I think she's going to be terrible, she looks very stiff and reminded me of Rachel off Countdown.


----------



## Espresso (Sep 10, 2017)

Debbie McGee looked like she could move a bit. I never watch Holby or Casualty, so I don't know that actor Joe McFadden, but he was so very smiley, I already love him.
I don't know most of them, as per, but that makes no odds, Strictly is back! Hurray!


----------



## JuanTwoThree (Sep 10, 2017)

Oh Lord! Are we going to get religious puns and references for all eternity? It'll be Hell.

I fancy Debbie.... for the win.


----------



## Me76 (Sep 10, 2017)

So pro dancers - ginger dude and his partner were there but not getting given a partner.  What's that about?


----------



## Looby (Sep 10, 2017)

Me76 said:


> So pro dancers - ginger dude and his partner were there but not getting given a partner.  What's that about?


They tend to have a couple of spares each year. People get injured or drop out.


----------



## trashpony (Sep 10, 2017)

Gemma thingy is stompy. The boy band kid looks a good bet. Charlotte Hawkins is mega competitive. I think Chizzy could be good (and she's funny). 

I was quite moved by Tess's affection for Bruce


----------



## Ms T (Sep 11, 2017)

I was at journalism school with Charlotte Hawkins almost twenty years ago!! She's unrecognisable.

I love Susan, the Rev, Johnny Peacock and Debbie McGee!


----------



## Saffy (Sep 11, 2017)

I've got Susan in the sweepstake at work.


----------



## Glitter (Sep 11, 2017)

Lord Camomile said:


> Susan was in the trending bar on Facebook. Thought everyone was talking about her because she's that awesome, but apparently she's been taking heat from some in the LGBT community for dancing with a man rather than a woman
> 
> Strictly Come Dancing: Susan Calman 'offended' by dance partner row - BBC News
> 
> As she says herself:



A friend of mine was cross with her for wearing a dress. 

I kind of get where she was coming from and she's made me think but I think the poor woman can't win. 

Molly is already irritating the tits off me. 'I'm such a goofball' Fuck off!


----------



## Me76 (Sep 11, 2017)

Molly and Debbie McGee are my annoyances this year. 

Loving Susan, Rev and Johnnie. I don;t really know the Eastenders or Holby lot so looking forward to seeing what they are like. 

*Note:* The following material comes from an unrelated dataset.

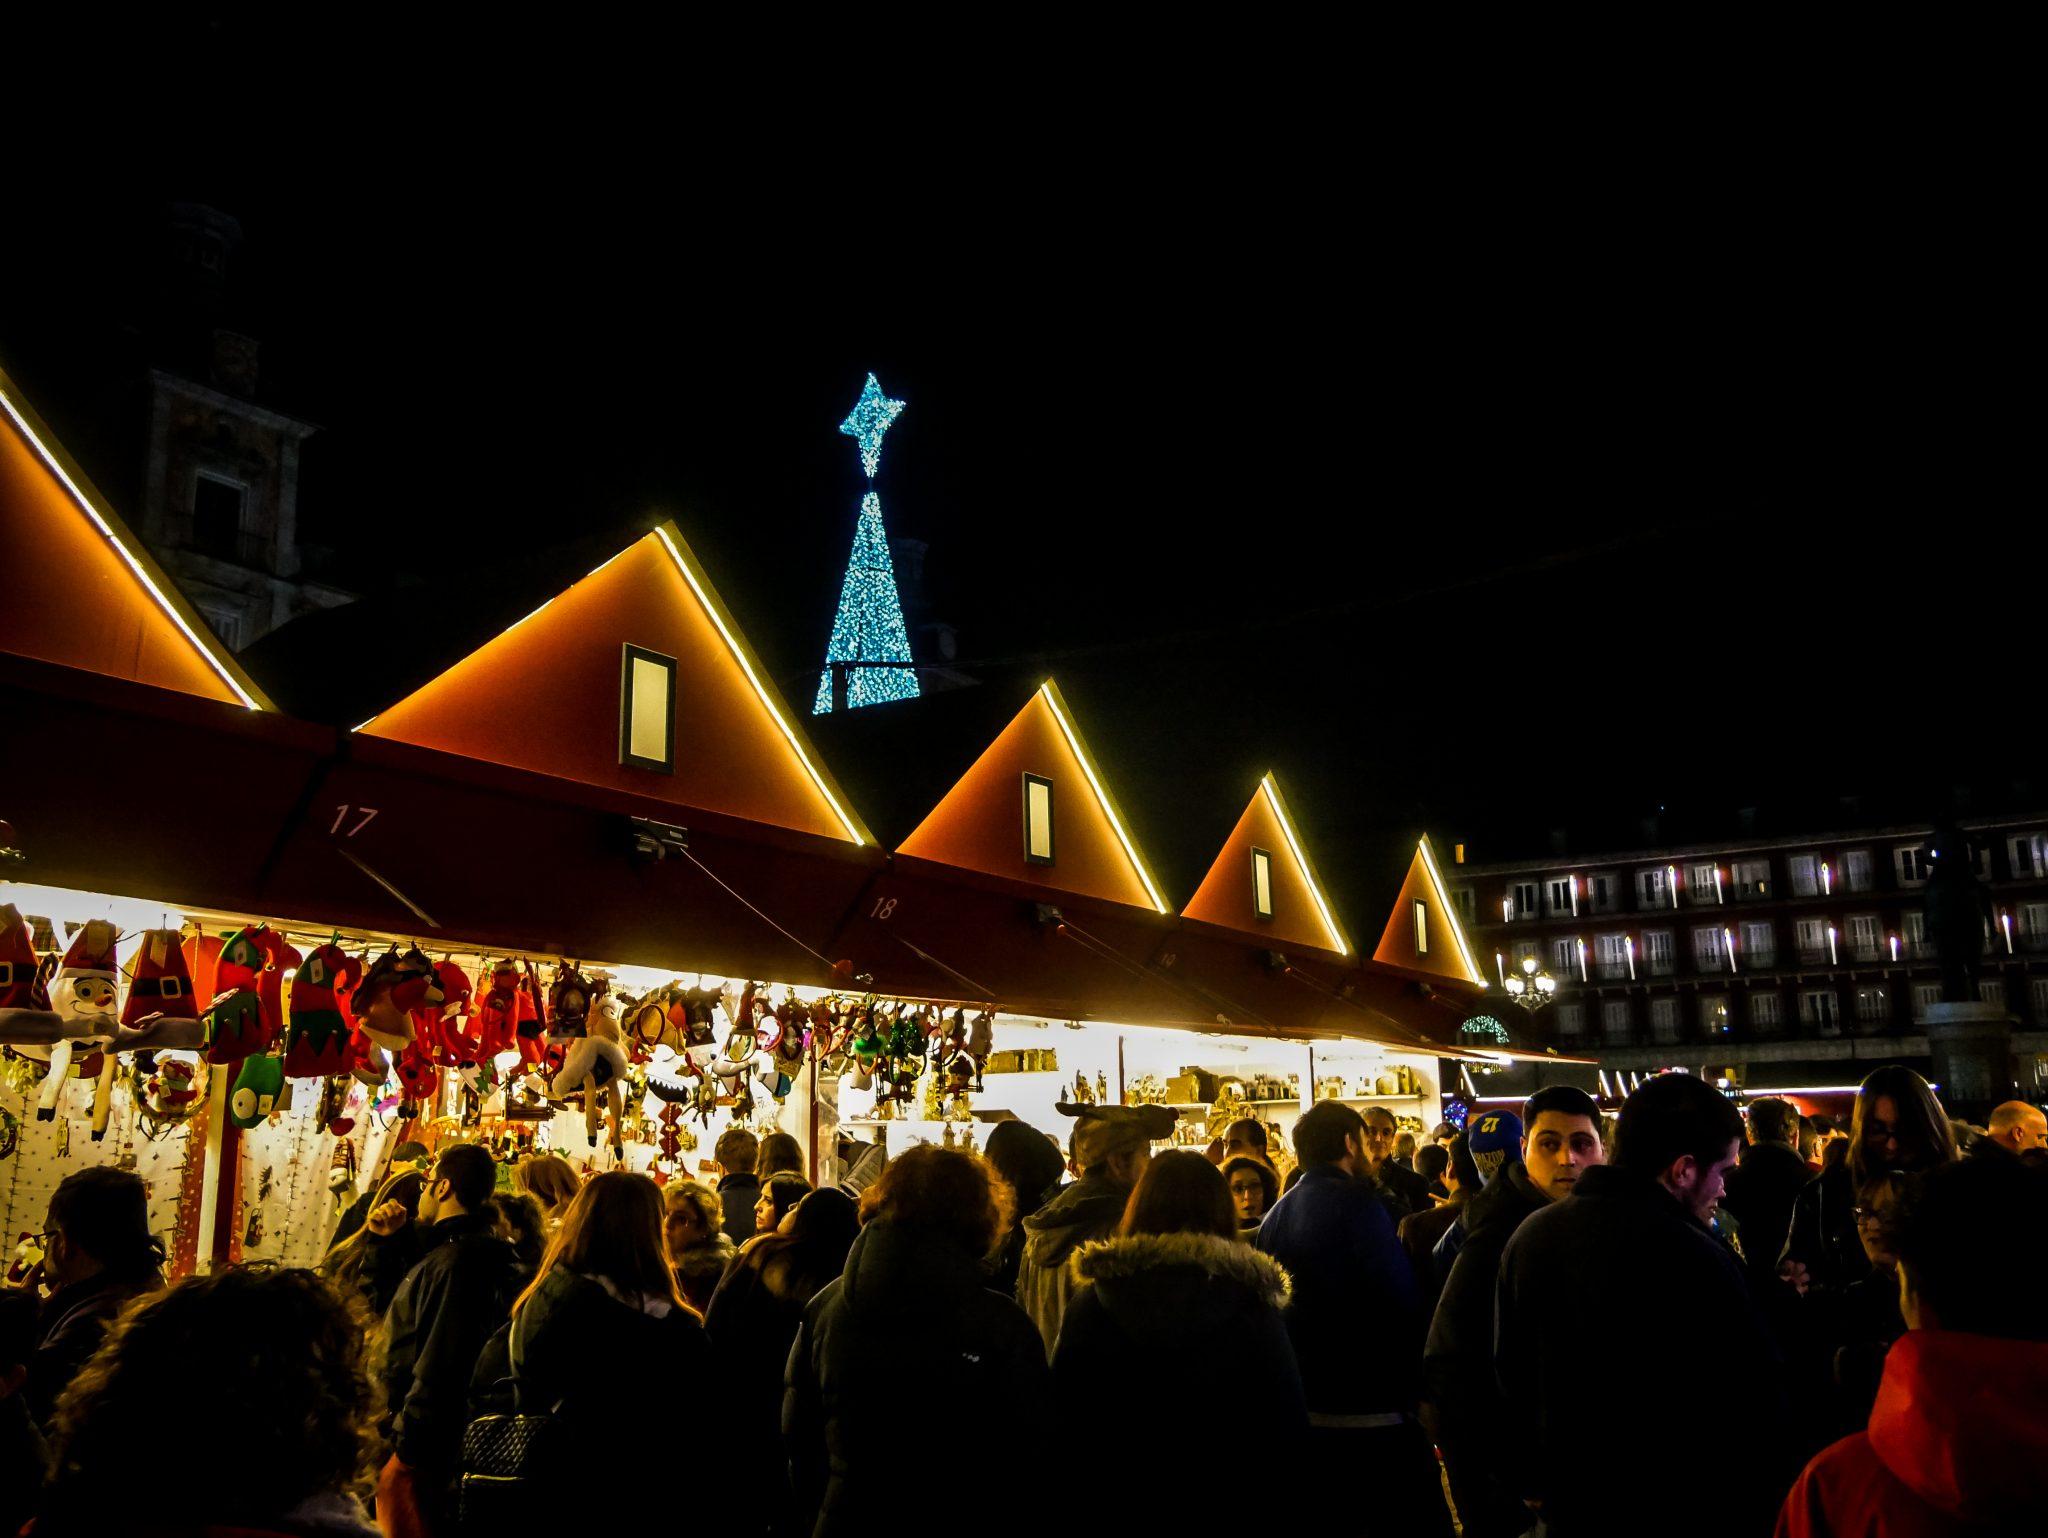 Von dem ganzen Weihnachtsmarkt auf dem Plaza Major aus ist die Spitze des Weihnachtsbaums gut erkennbar.

I want ITT already.  Daily updates from the training room.


----------



## Guineveretoo (Sep 11, 2017)

Me76 said:


> Molly and Debbie McGee are my annoyances this year.
> 
> Loving Susan, Rev and Johnnie. I don;t really know the Eastenders or Holby lot so looking forward to seeing what they are like.
> 
> I was ITT already.  Daily updates from the training room.


Yeah - I think they should have started ITT after the launch show. Give us a chance to get to know the celebrities a bit!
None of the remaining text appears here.